_SOURCE RECORDS:_
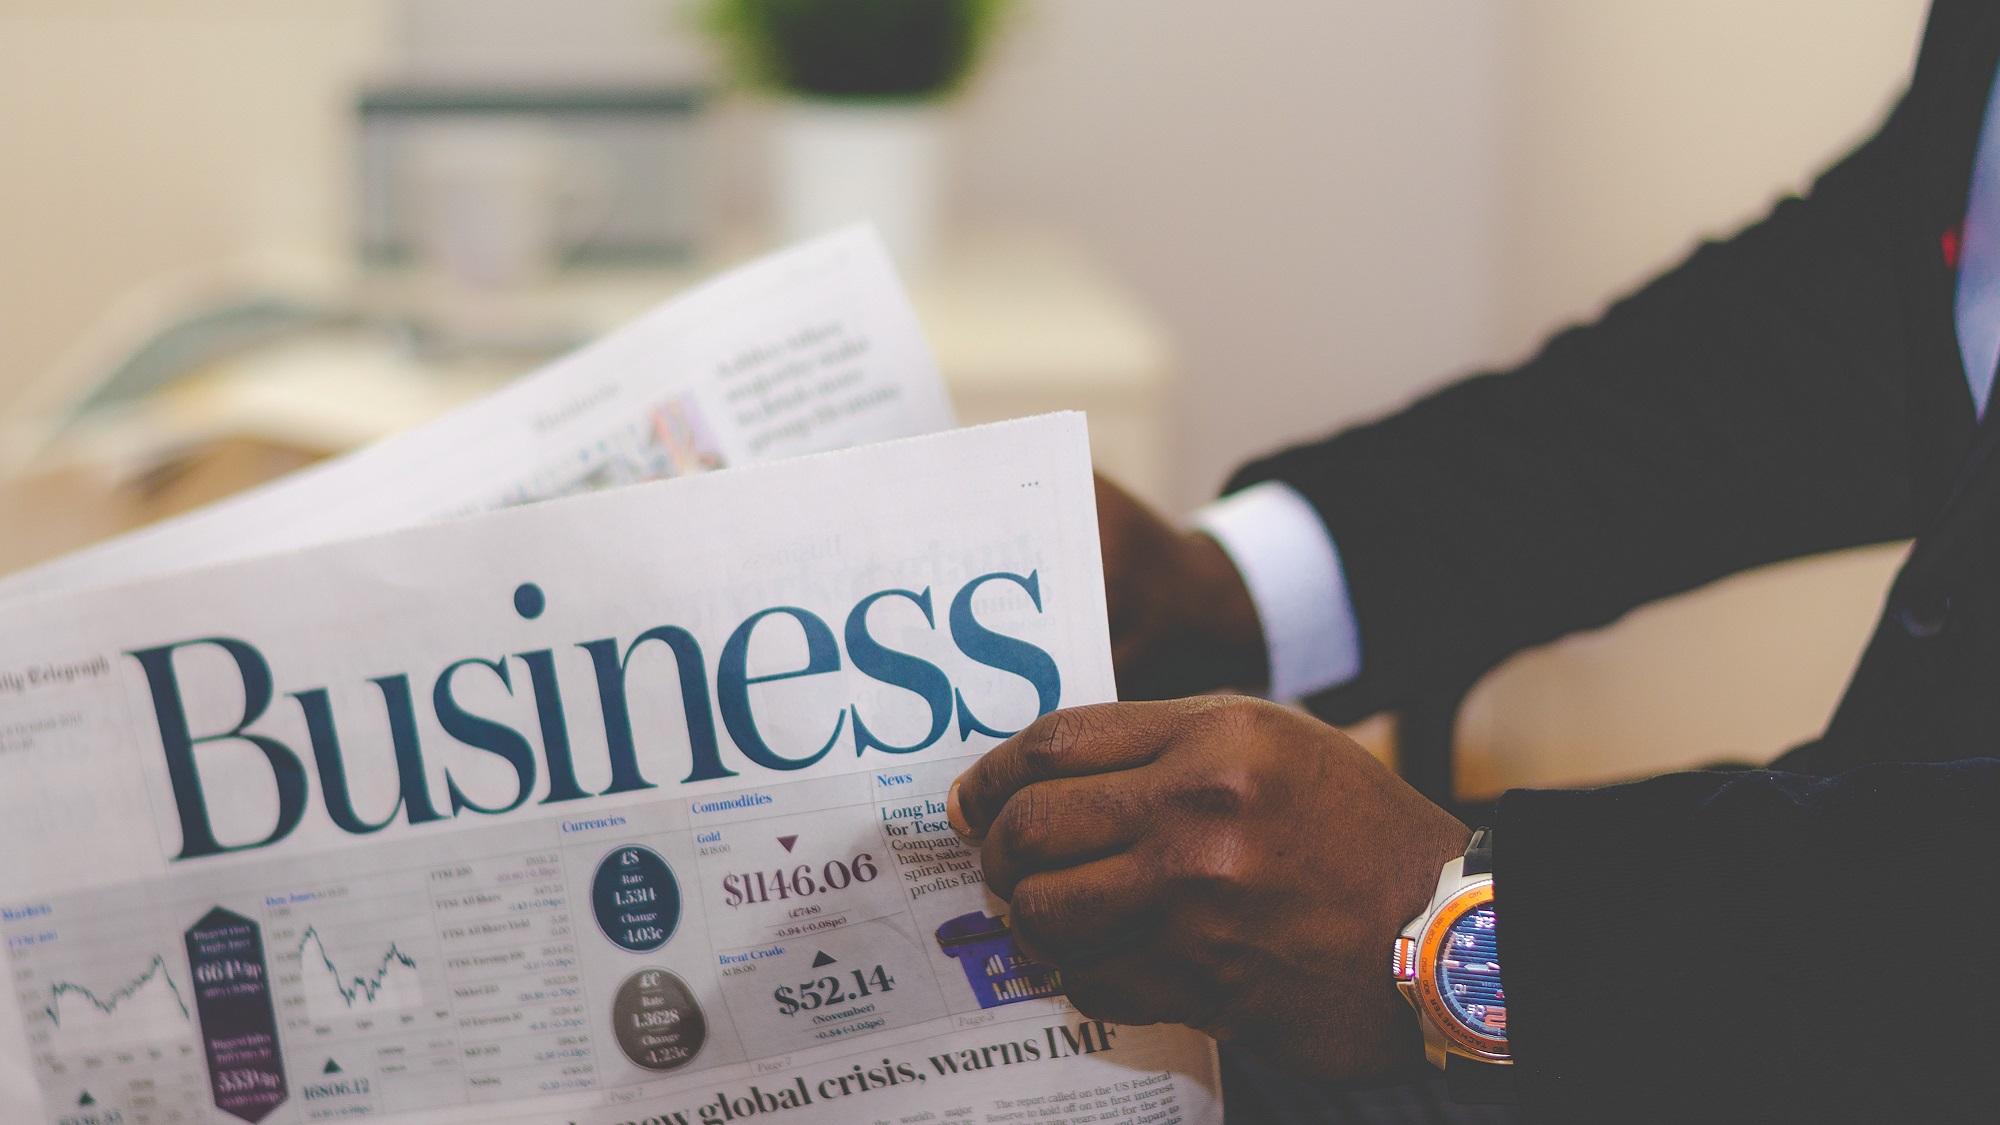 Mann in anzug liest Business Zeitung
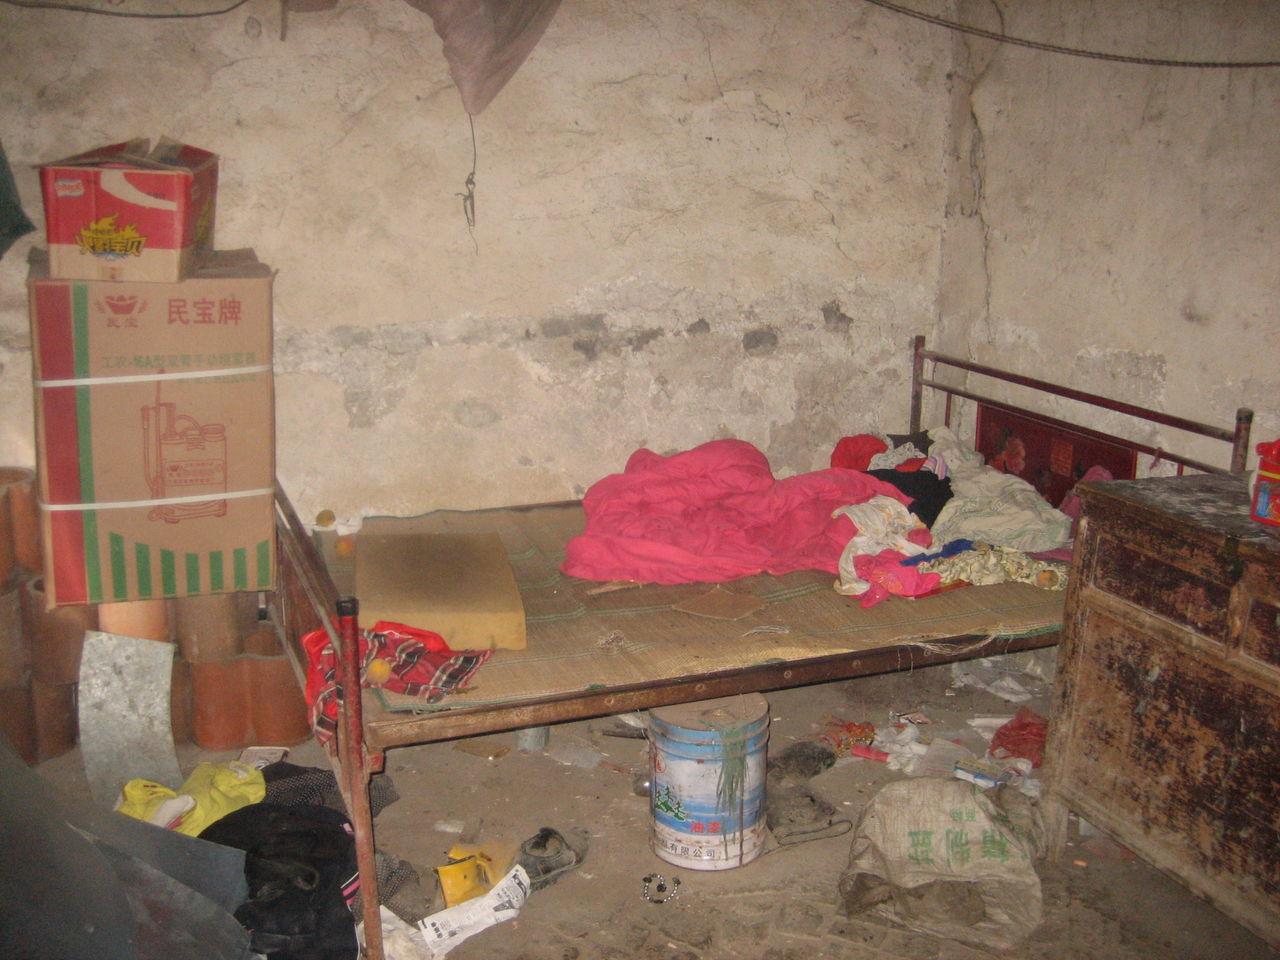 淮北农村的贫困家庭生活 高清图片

...

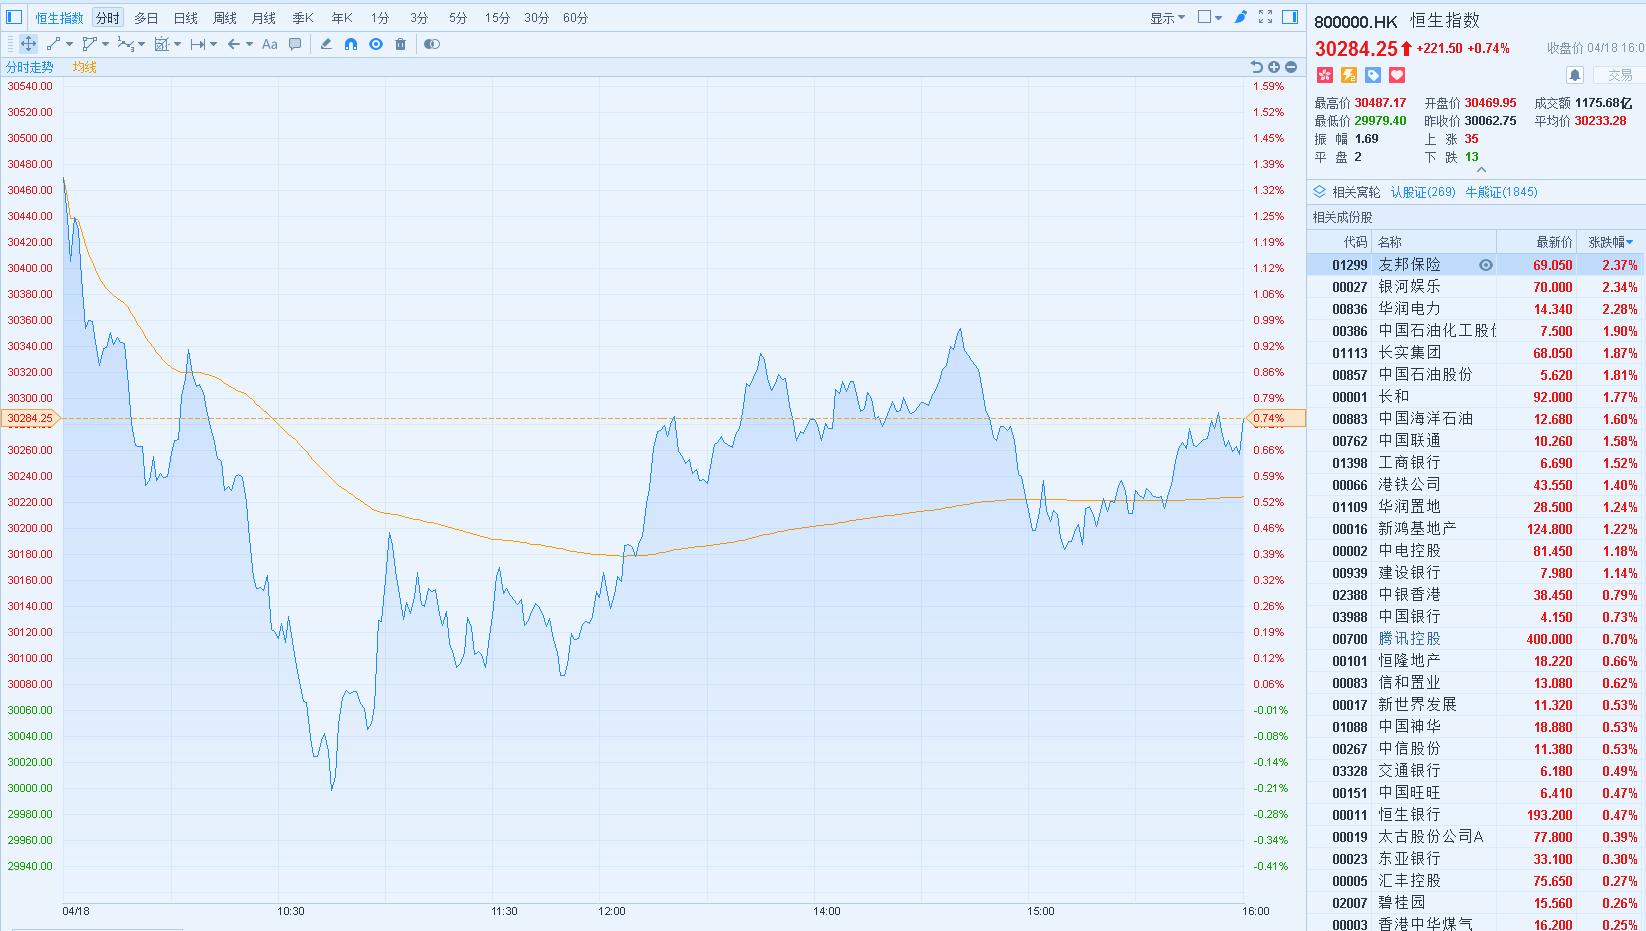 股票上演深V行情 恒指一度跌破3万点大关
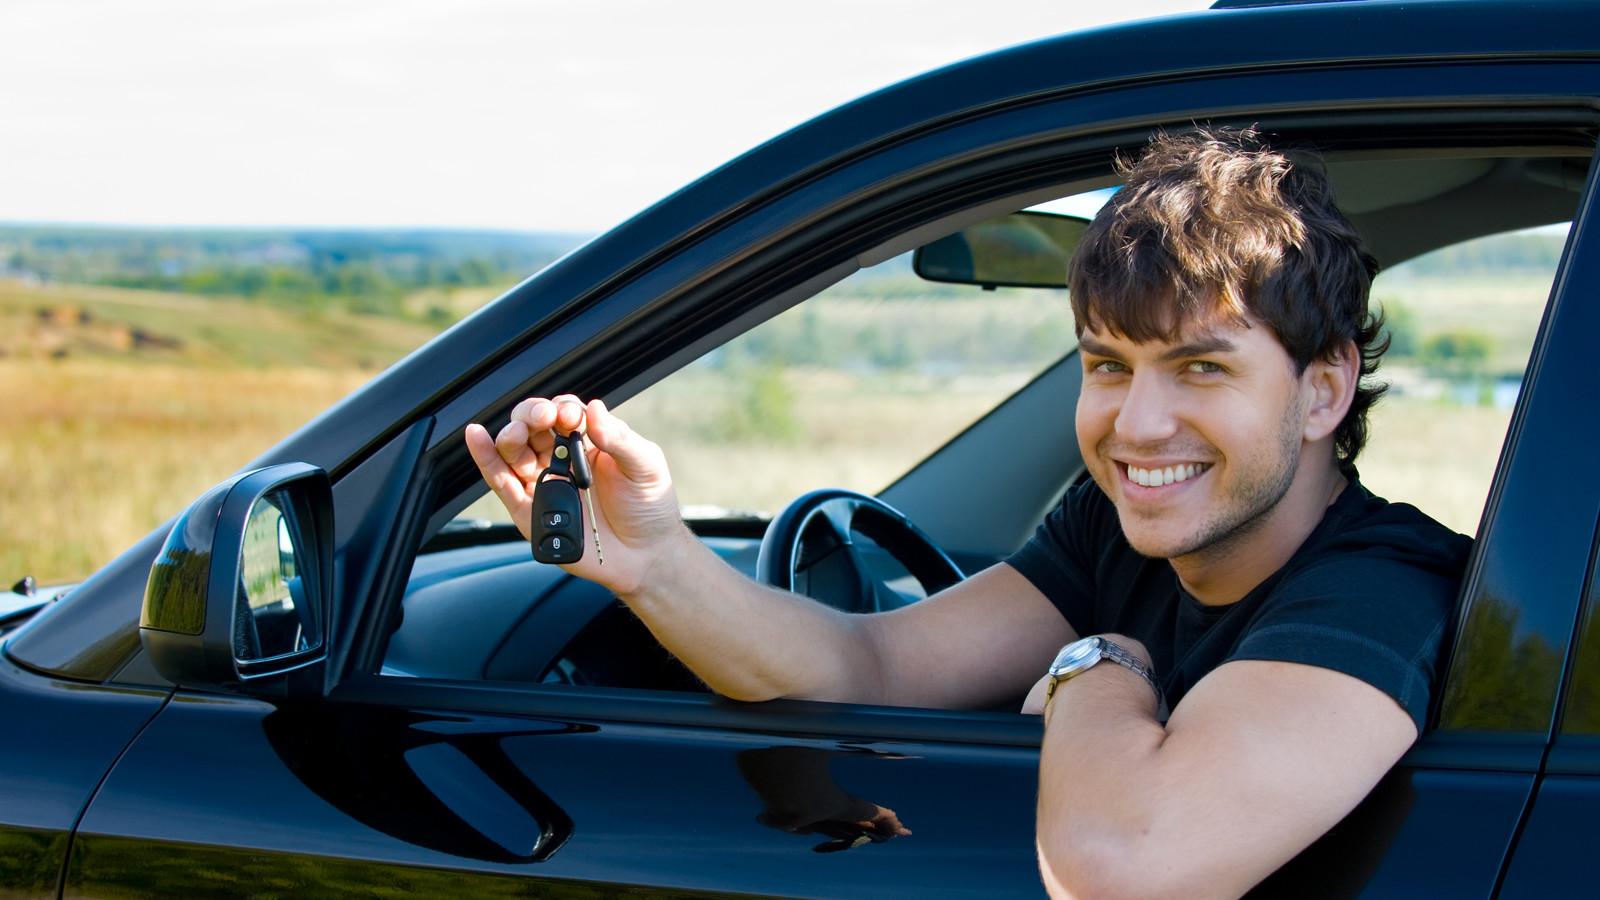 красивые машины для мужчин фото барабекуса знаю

_TASK PROMPT:_ Only the lines between the one with "股票上演深V行情 恒指一度跌破3万点大关" and the one with "красивые машины для", those two included, get copied from the material above. Keep it exact and free of pictures.

_ANSWER TO THE PROBLEM:_
 股票上演深V行情 恒指一度跌破3万点大关
 красивые машины для мужчин фото барабекуса знаю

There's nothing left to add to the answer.